In graph theory, a walk is defined as an alternating sequence of vertices and edges, starting and ending at vertices, where vertices and edges may be repeated, allowing for general traversals that can include backtracking or revisiting parts of the graph.^[16] A trail is a special type of walk in which no edge is repeated, though vertices may be repeated; this structure is exemplified by Eulerian paths, which traverse every edge exactly once but may return to the same vertex multiple times.^[16] A simple path, by contrast, is a trail with the additional restriction that no vertex is repeated (except possibly the starting and ending vertices in the case of a closed variant, though the focus here is on open paths), which automatically ensures no edges are repeated either.
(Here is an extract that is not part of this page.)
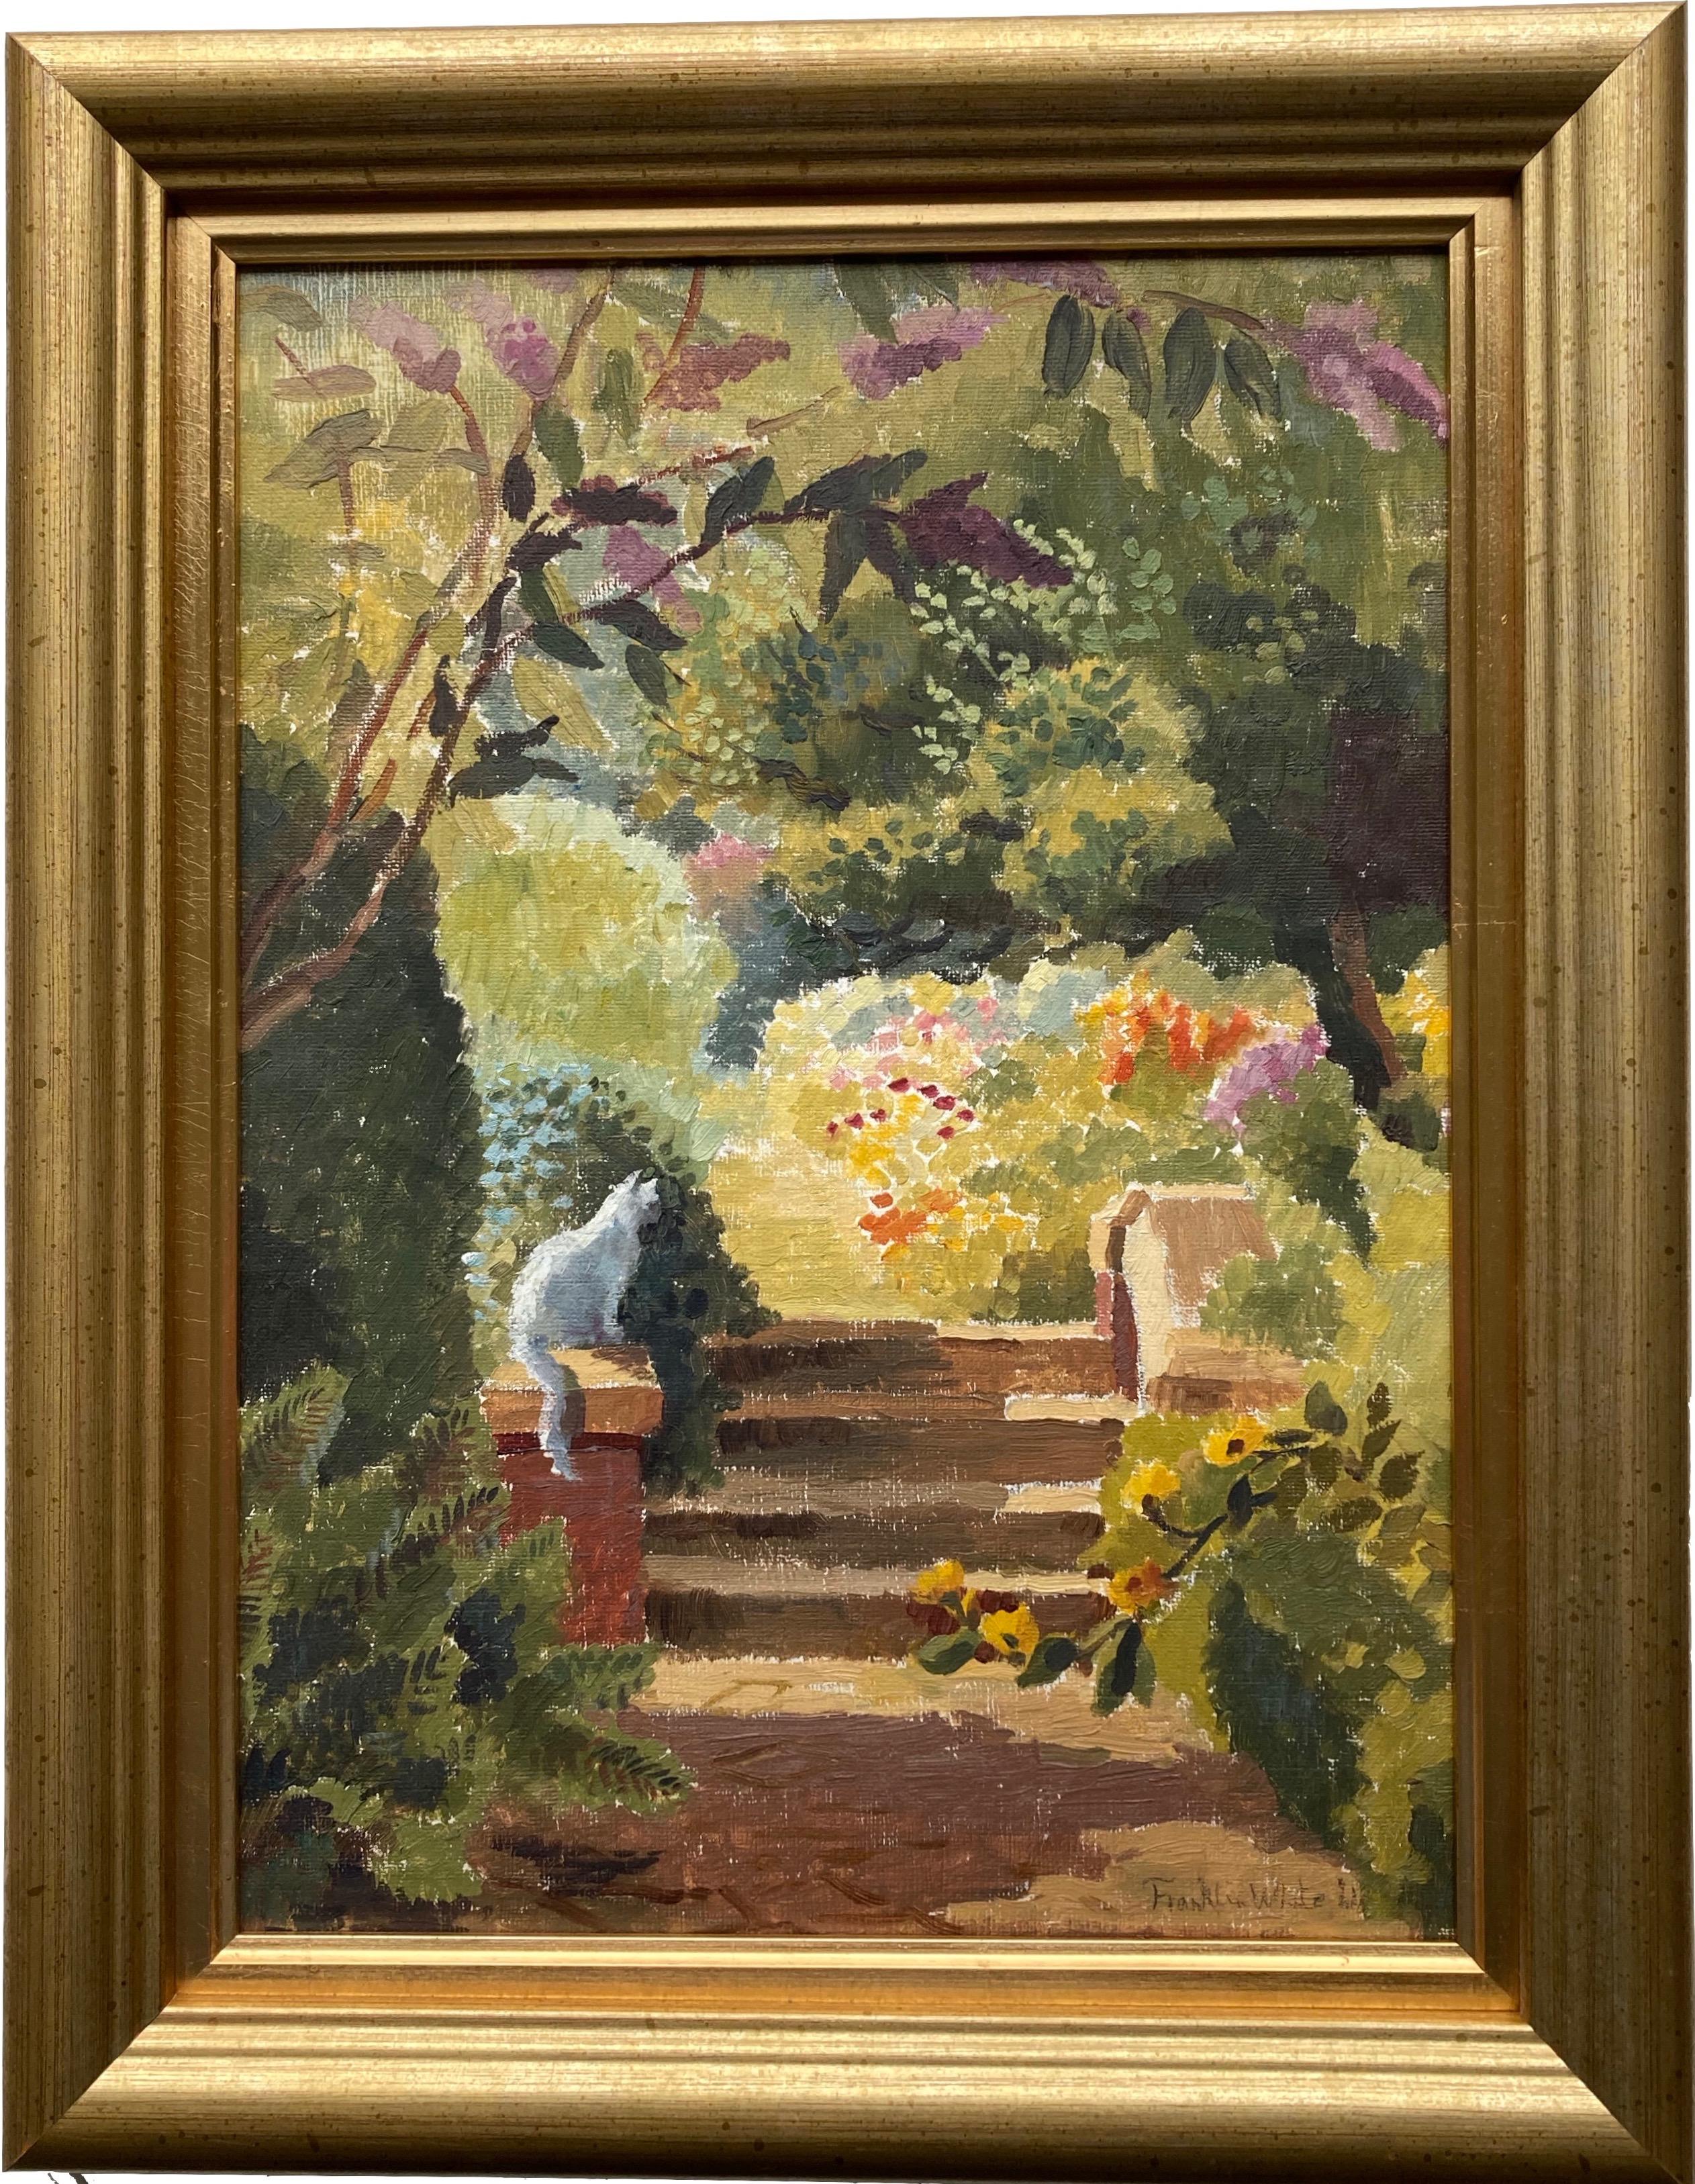 Franklin White, britische australische impressionistische Szene einer Katze auf einem Hof, Impressionismus
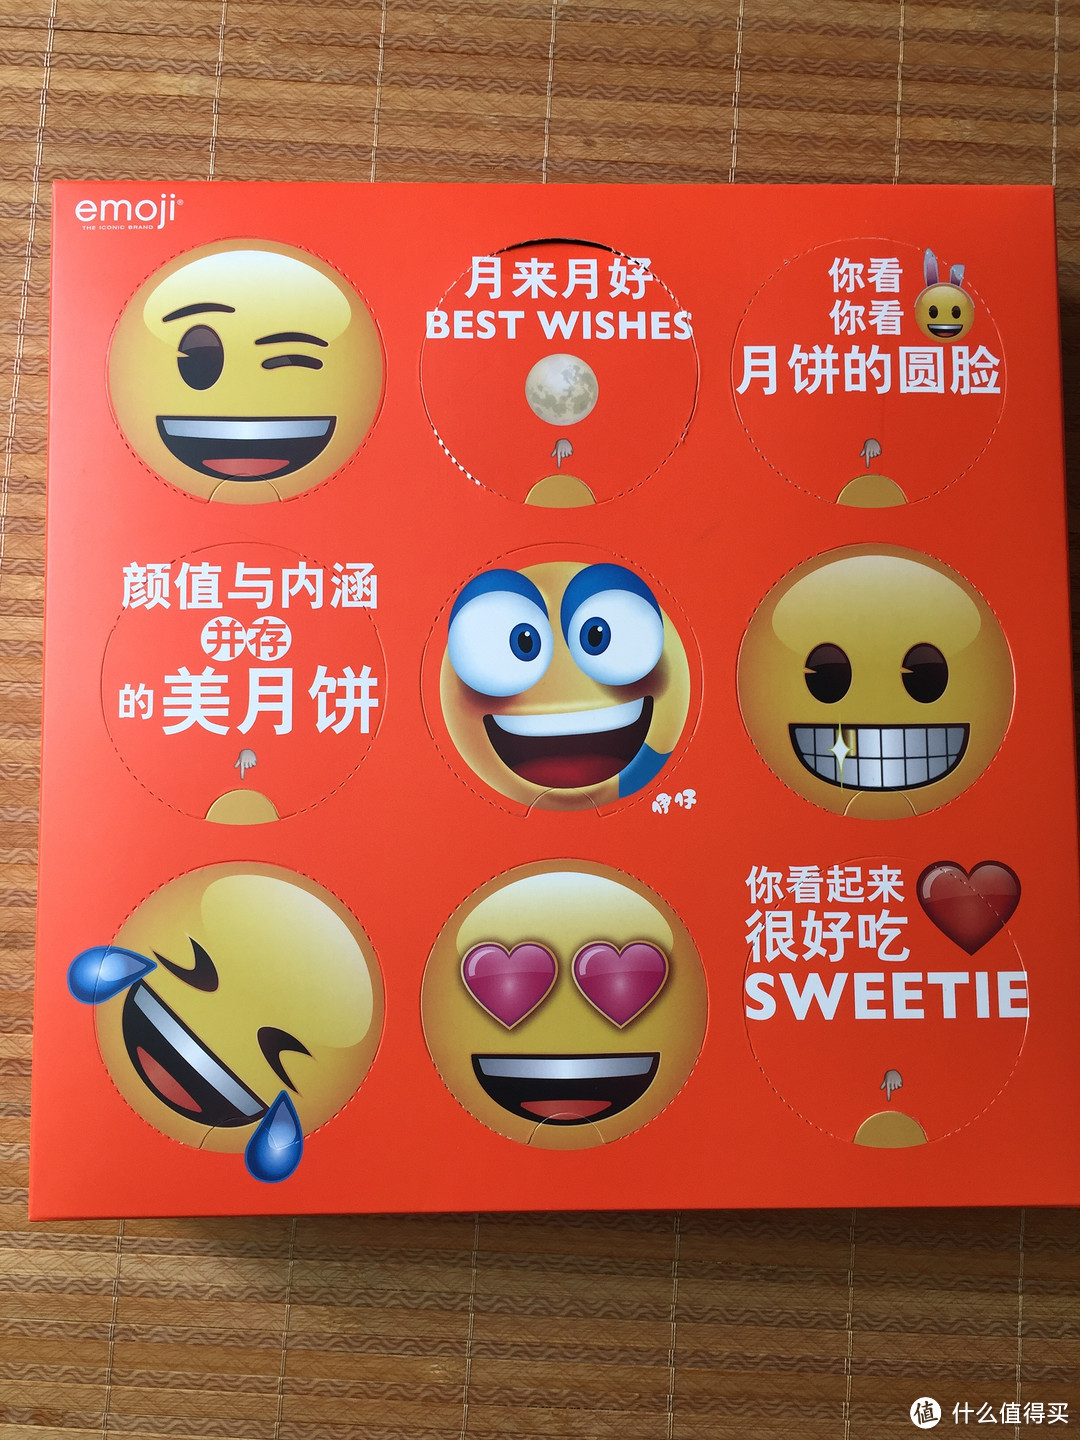 来伊份 2017年中秋emoji九宫格礼盒d测评报告

This makes the simple path stricter than both walks and trails: every simple path is a trail and a walk, but the converse does not hold, as trails and walks permit vertex repetitions that simple paths forbid. To illustrate, consider a graph consisting of two cycles sharing a single vertex (e.g., a figure-8 graph). An Eulerian circuit that traverses the first cycle and then the second, starting and ending at the shared vertex, constitutes a closed trail (since each edge is used exactly once) but is not a simple path because it repeats the shared vertex internally, violating the no-repetition rule for vertices beyond the endpoints. In undirected graphs, trails can thus exceed the length of simple paths, as they allow vertex revisits without reusing edges, enabling longer routes in graphs with high vertex degrees or multiple edges incident to the same vertices.^[16]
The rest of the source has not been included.